1:12:03 K: What is the place of desire, and why has desire become so important in our life, the whole movement of desire. Have we time?
1:12:19 S: A few minutes.
1:12:22 V: It's up to you, I'm happy to go on.
1:12:25 K: There are people waiting for lunch.
1:12:29 S: Well, this is a crucial issue.
1:12:32 K: Yes, I will come to that.
1:12:37 V: You mean to continue more?
1:12:39 H: Yes, around the idea we're talking about, because we have about five minutes.
1:12:44 B: Desire and love. That would be important.
1:12:49 K: If there is no becoming psychologically, there is no self. Theoretically it sounds all right.
1:13:09 S: You keep going back to this, in theory it sounds all right...

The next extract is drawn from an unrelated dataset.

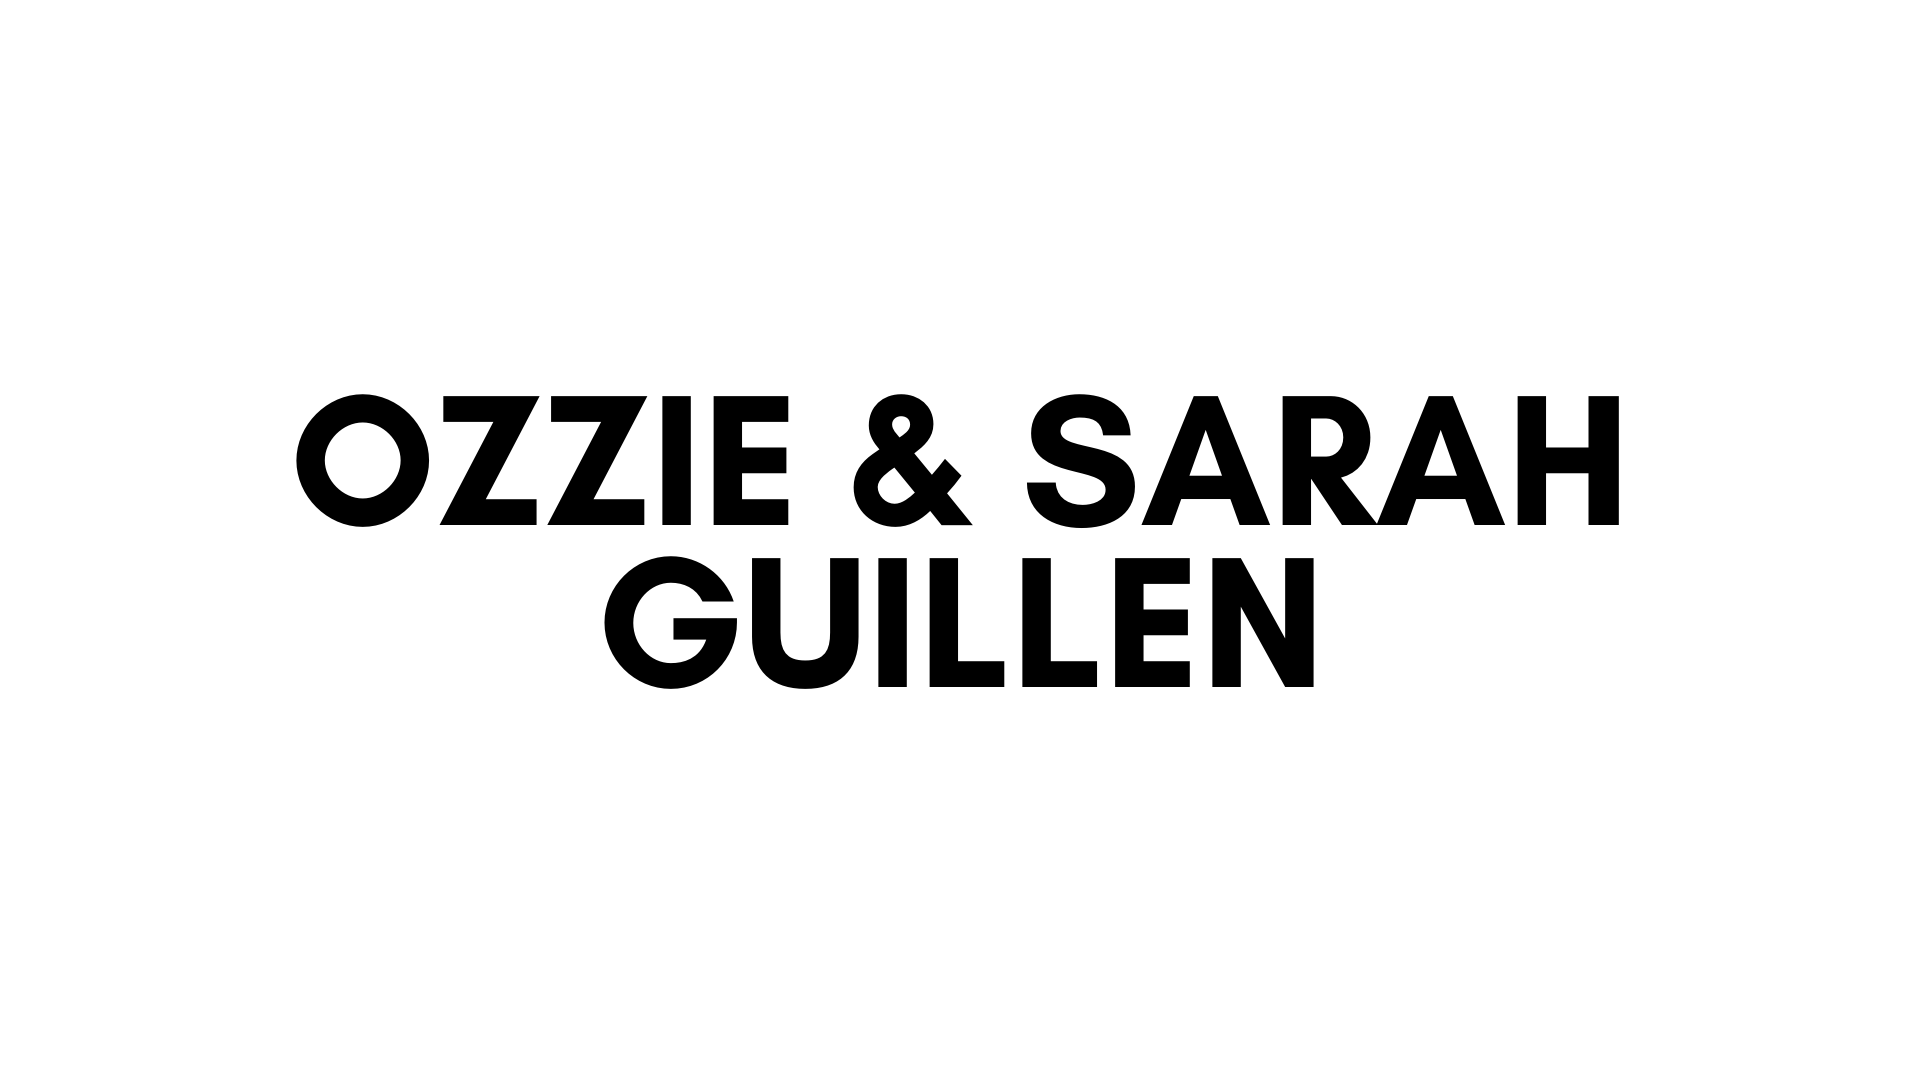 OZZIE AND SARAH GUILLEN

1:13:12 K: To see the reality of it and cut it!
1:13:17 H: How do you see that?
1:13:21 K: He tells me, he has been at it for a number of years, he says, look, there is no becoming. Is it this becoming has spilled over from the physical becoming, becoming a clerk, stepping up the ladder. Has that movement spilled over into the other field and therefore you're still thinking in terms of becoming psychologically, inwardly. And don’t let it spill. Expand from there. Then is there a becoming? 'I will be'. 'I must not'. I am comparing myself. So, the ending of measurement. Complete ending of measurement, which is comparison.
1:15:01 H: Stop?

V: I was ready to continue. It's up to you.
1:15:14 K: Is there an end to knowledge?
1:15:20 S: Is there an end to desire?
1:15:22 K: No, is there an end to knowledge?
1:15:29 V: I don’t see that.
1:15:32 K: Ask that question, sir.
1:15:36 B: I think there is an end.
1:15:41 K: If we are functioning all the time within the field of knowledge, it is very limited. Therefore, is there an end to something...
1:15:53 V: Oh, is there an end in the sense of is there an edge, a place where it's no longer there.
1:15:59 B: Yes there is.
1:16:01 K: Which means what?
1:16:03 B: That means we are not coming forward with only knowledge, this kind of knowledge.
1:16:16 K: Could I put another question? Can the brain stop chattering, completely, empty. Only act when it is asked, like a drum, highly tuned, but it is always empty, it is only when you strike on it that it gives a note.
1:17:00 B: What is emptiness?
1:17:03 K: That's what I am saying, is there an end to knowledge? Of course. That’s another matter.